MobileRead Forums - View Single Post - Converting pdf file of a scanned book to epub format

Tex2002ans · 03-03-2017, 06:18 AM

Quote:

Originally Posted by fcemari

1. Before or after ocr I have to manually deselect all the page numbers and volume or author names which appear on the most upper part of pages. I couldn't find any script or any solution for that. Do you know any easy method?

I find Finereader does a pretty decent job at detecting the Headers/Footers and never exporting them to the output format in the first place. There is the occasional book it has problems with (mostly when the Header/Footer is extremely close to the text block), but 95+% of the books it works nearly perfect.

See how close the Header is in Figure A:

Click image for larger version

Name: FigureA.png
Views: 509
Size: 78.7 KB
ID: 155408

Finereader has a serious problem with detecting the Header in that book... you can see how it could easily be seen as a part of the body text.

And see what your typical book in Figure B:

Click image for larger version

Name: FigureB.png
Views: 466
Size: 52.8 KB
ID: 155409

Finereader has absolutely zero problems with that. Only when the Header is as close or closer than Figure A might Finereader start to become inaccurate with its guesses (maybe it will handle the Headers perfectly though.... each book is different).

Potential Solution

Not too sure if Finereader on Mac is the same, but there is a "Save Area Template" under Area > Save Area Template...:

http://help.abbyy.com/FineReader/Fin...hTemplates.htm

I think the Area Templates were intended more for scanning in documents of the same exact type (like hundreds of forms that all have the exact same layout).

You may be able to hack an Area Template together for yourself on a per-book basis. I personally haven't found it to be too useful in the case of books, but your case may be different.

Quote:

Originally Posted by fcemari

2. The reference numbers in superscript at the end of sentences have to be manually linked. Is there a way to do it automatically?

No.

Depending on the export format, Finereader does try to do its best, but it botches the "linking back/forth footnotes" pretty badly. The only way to handle it is properly is to manually correct them.

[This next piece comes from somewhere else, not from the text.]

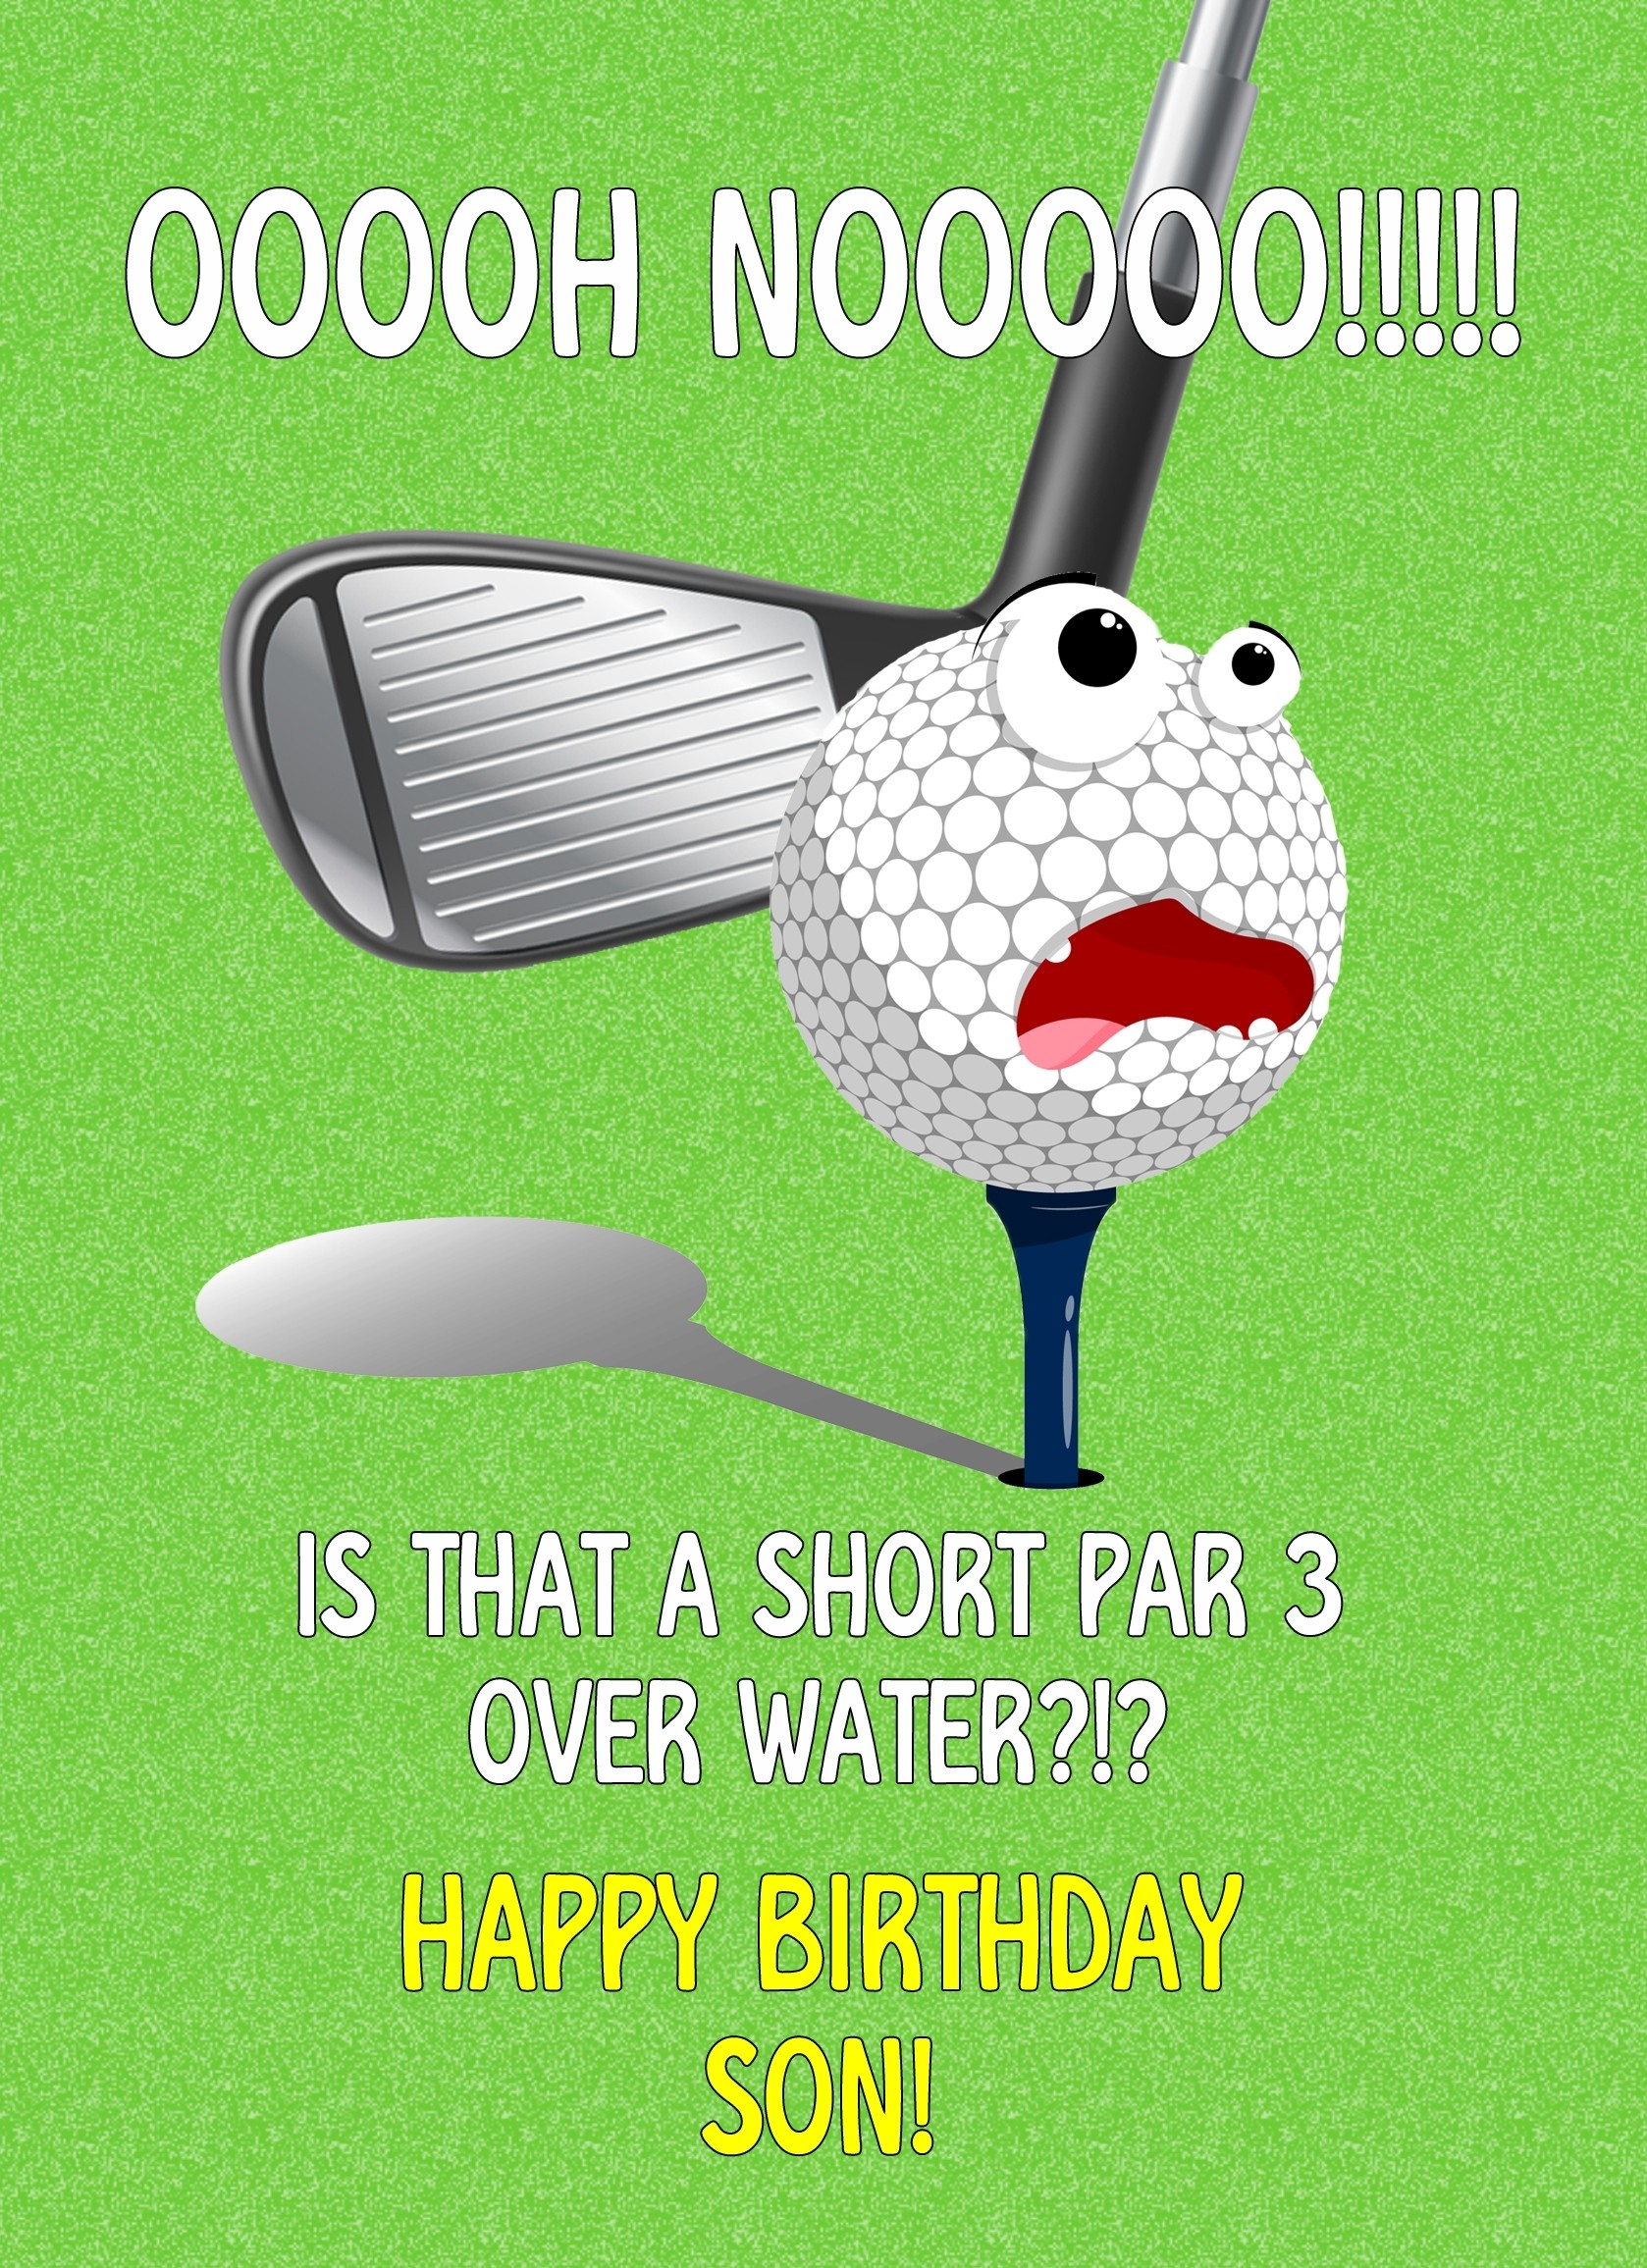 Funny Golf Birthday Card for Son

There are some tools to kind of help speed up the process though:

1. If you have Microsoft Word, you can use Finereader to export to DOCX (Formatted), and then run Toxaris's EPUB Tools add-in (doesn't work in the Mac version):

https://toxaris.nl/en/

Toxaris specialized his tool for a lot of Finereader cleanup (and a ton of of other helpful things). If you use his tool and press "Preparation", it can clean up a lot of the Finereader DOCX cruft. You can then fix the document in Word, or export from there and do more thorough cleaning.

2. Taking the HTML and doing lots of fancy Regex (each book is different).

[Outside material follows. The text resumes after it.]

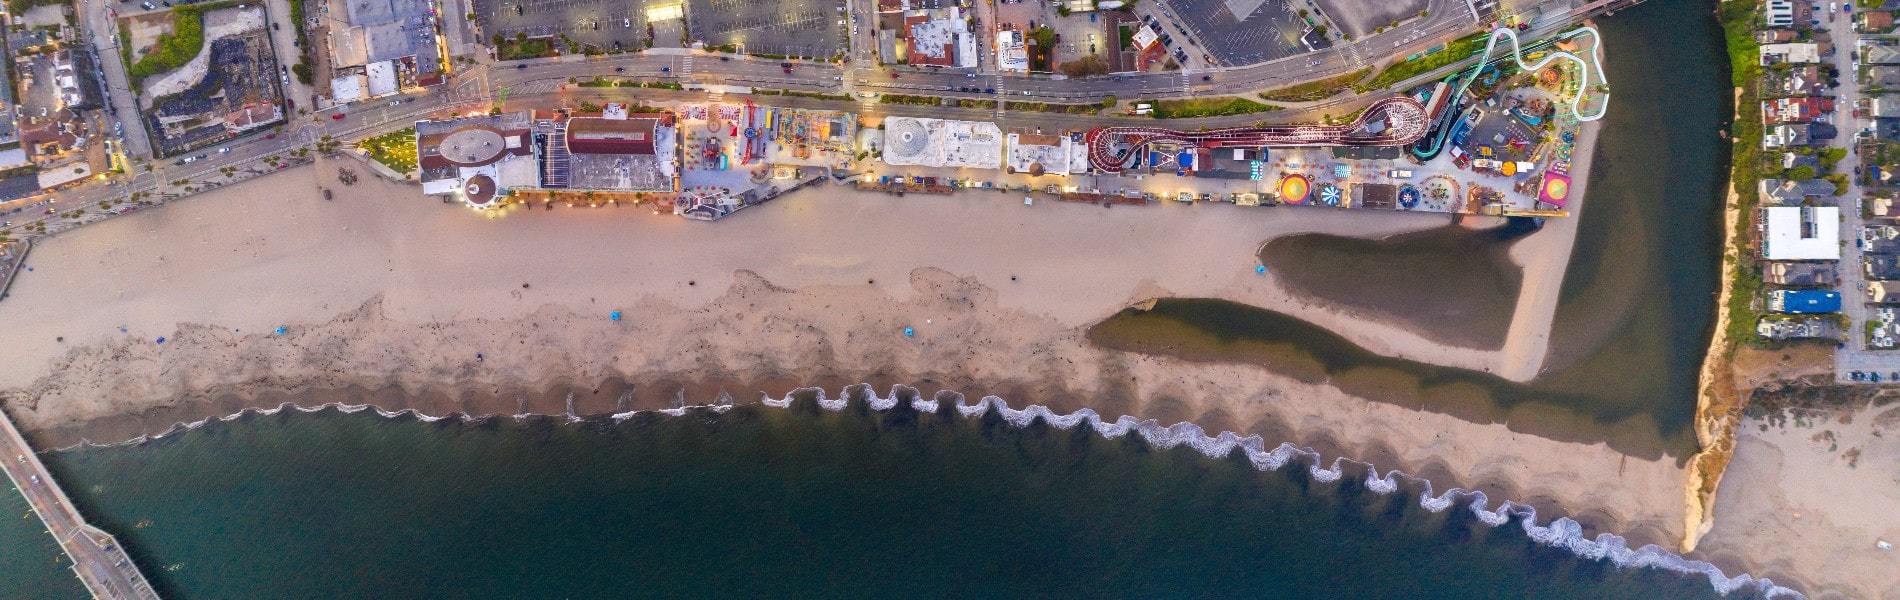 Aerial view overlooking iconic Santa Cruz Beach Boardwalk

Some generic rules can apply though, like searching a book for all ## (these are most likely superscript footnotes sitting in the text). Or searching for paragraphs starting with a superscript number (this is most likely a footnote):

Click image for larger version

Name: FootnotesInText.png
Views: 489
Size: 90.1 KB
ID: 155407

Things can get a little hairier if you have a complex book (like one with formulas) or OCR errors (maybe a ” [Right Double Quote] might be OCRed as a 9 or a ° [degree] might be OCRed as 0).

Quote:

Originally Posted by fcemari

3. Footnotes at the end of every page should be either deselected or manually transferred to the end of the pages in order not to compromise the book's reading in epub format. Is there any automatic solution for that?

No.

You will most likely have to manually fix/check the links and place them in the proper order/location.

Side Note: You will also have to keep an eye out for footnotes that are missing text or large footnotes that carry on to a second/third page... these will have to be manually stitched back together.